Parents, it’s time to take brain injuries out of play – we need to start treating concessions like a serious medical illness. If we broke our leg, we would have to put it into a cast and rest it. This is the same with the brain – even though we can’t see it, it is still a brain injury and needs proper rest!
Concussions are one of the most common brain injuries that can happen to your child when they’re out playing on the playground or participating in recreational sports. About every year, emergency departments in Canada treat an estimated 173,000 sports- and recreational-related traumatic brain injuries (TBIs), including concussions, among children and adolescents ranging from birth to 19 years of age. In fact, children and teens are more likely to get a concussion and actually take longer to recover than adults.
What is a concussion?
A concussion is caused when the brain is moved rapidly back and forth inside the skull usually from a heavy physical blow to the head or to the body that causes a sudden jerk of the head or neck. The symptoms that can occur from this brain injury can have noticeable effects on the way that your child thinks or acts. Because of this, any kind of head injury must be taken very seriously.
How do I know if my child has a concussion?
A sure easy way to tell if your child might be experiencing a concussion is to see if your child is experiencing any of the Red Flag Symptoms. If your child shows any the following symptoms, it is vital that you call 9-11 or see your health professional right away. Note that symptoms may vary for each individual and may be delayed for days or weeks until apparent.
Red Flag Symptoms (for children):
- Neck pains
- Increased confusion or irritability
- Repeated vomiting
- Seizures or convulsions
- Weakness in arms/legs including tingling or burning sensations
- Deteriorating or loss of consciousness
- Severe or increasing headaches
- Unusual behavioural changes
- Double vision
Red Flag Symptoms (for infants):
- Crankiness and irritability (beyond usual)

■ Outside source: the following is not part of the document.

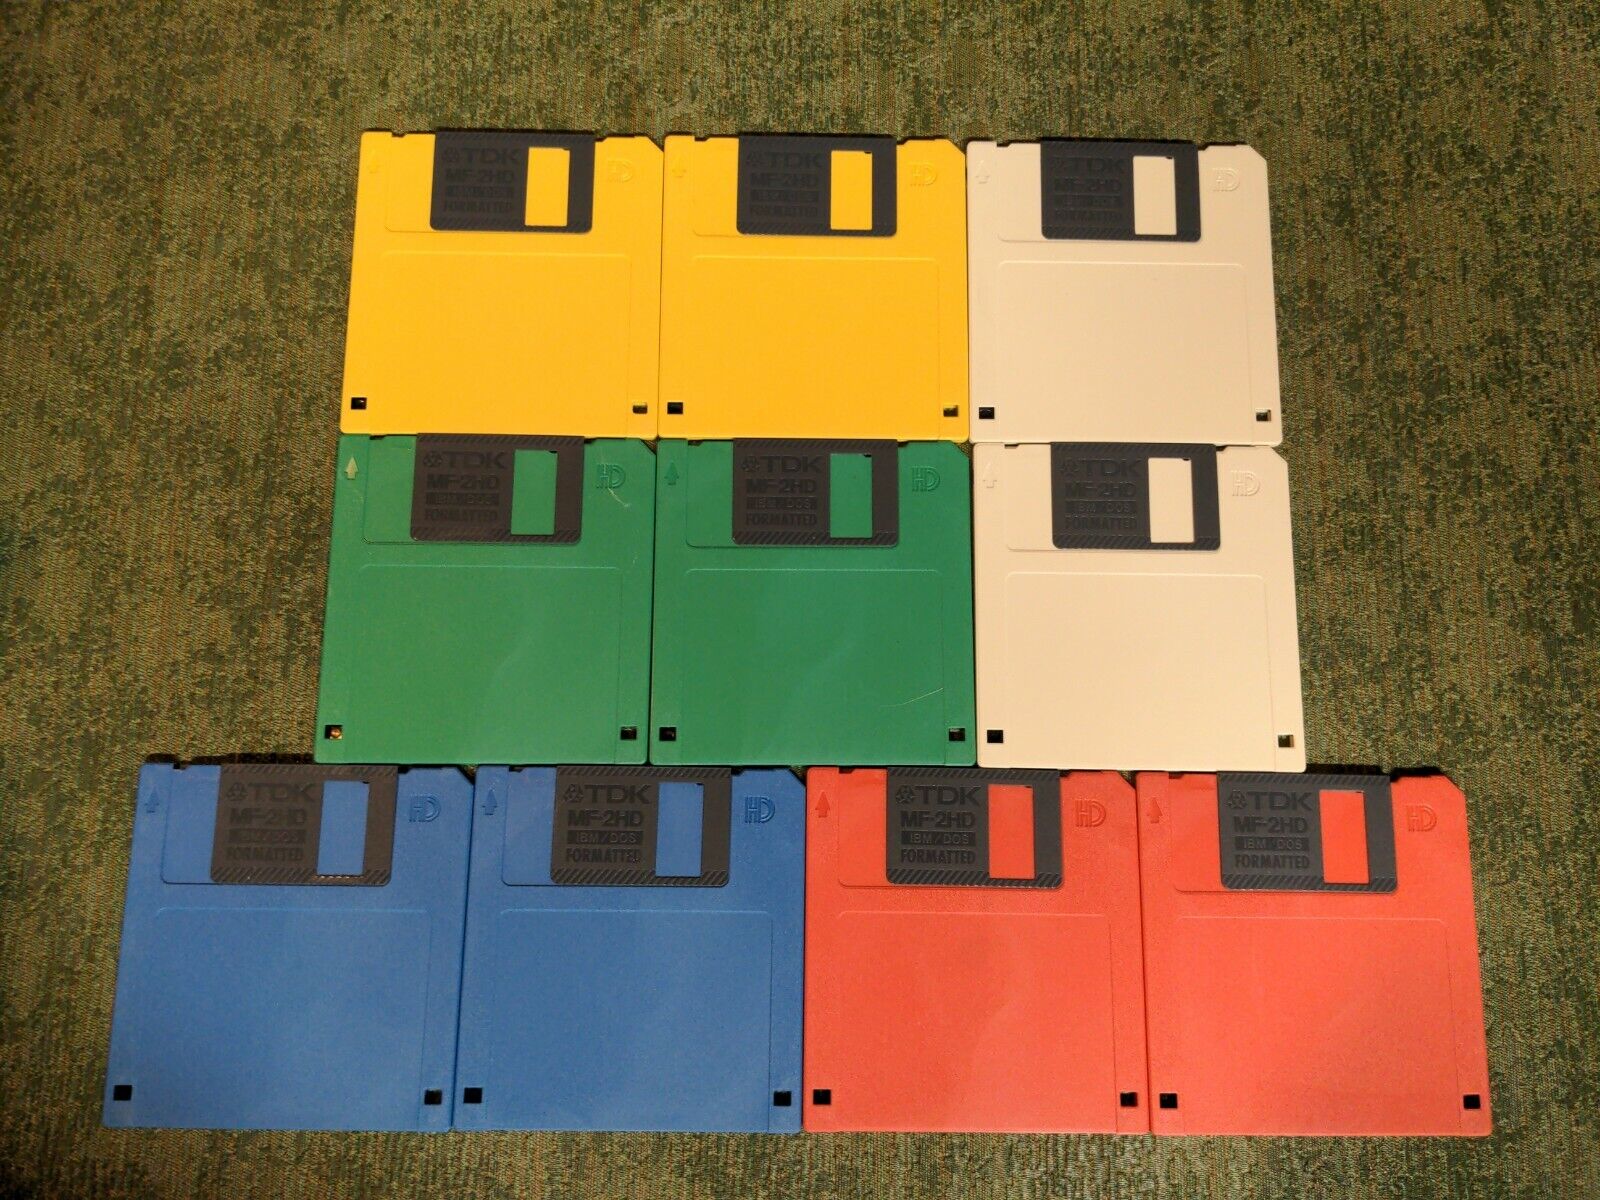 TDK High Density 10 Pack Set IBM DOS Formatted Color Disks MF-2HD

- Any sudden changes in sleeping patterns, eating or playing
- Not interested in their favourite toys or activities
- Forgets a new skill (e.g. potty training)
- Loss of balance, unsteady walking
- Not eating or nursing
- Cannot be comforted
*** Even if your child/infant is not currently experiencing any of these symptoms but has experienced an incident in the past, you should seek medical attention right away!
Even if your child really wants to participate in that baseball tournament, don’t let him! It is better to be healthy now – get it checked out and give it some rest. During recovery, doing any exercise or activities that involve using a lot of concentration (e.g. studying, using the computer, or playing video games) may cause the symptoms to reappear or result in further serious complications and result in a lengthened recovery time.
Make sure your child gets rest. Remember, it is better to miss one game than miss the whole season!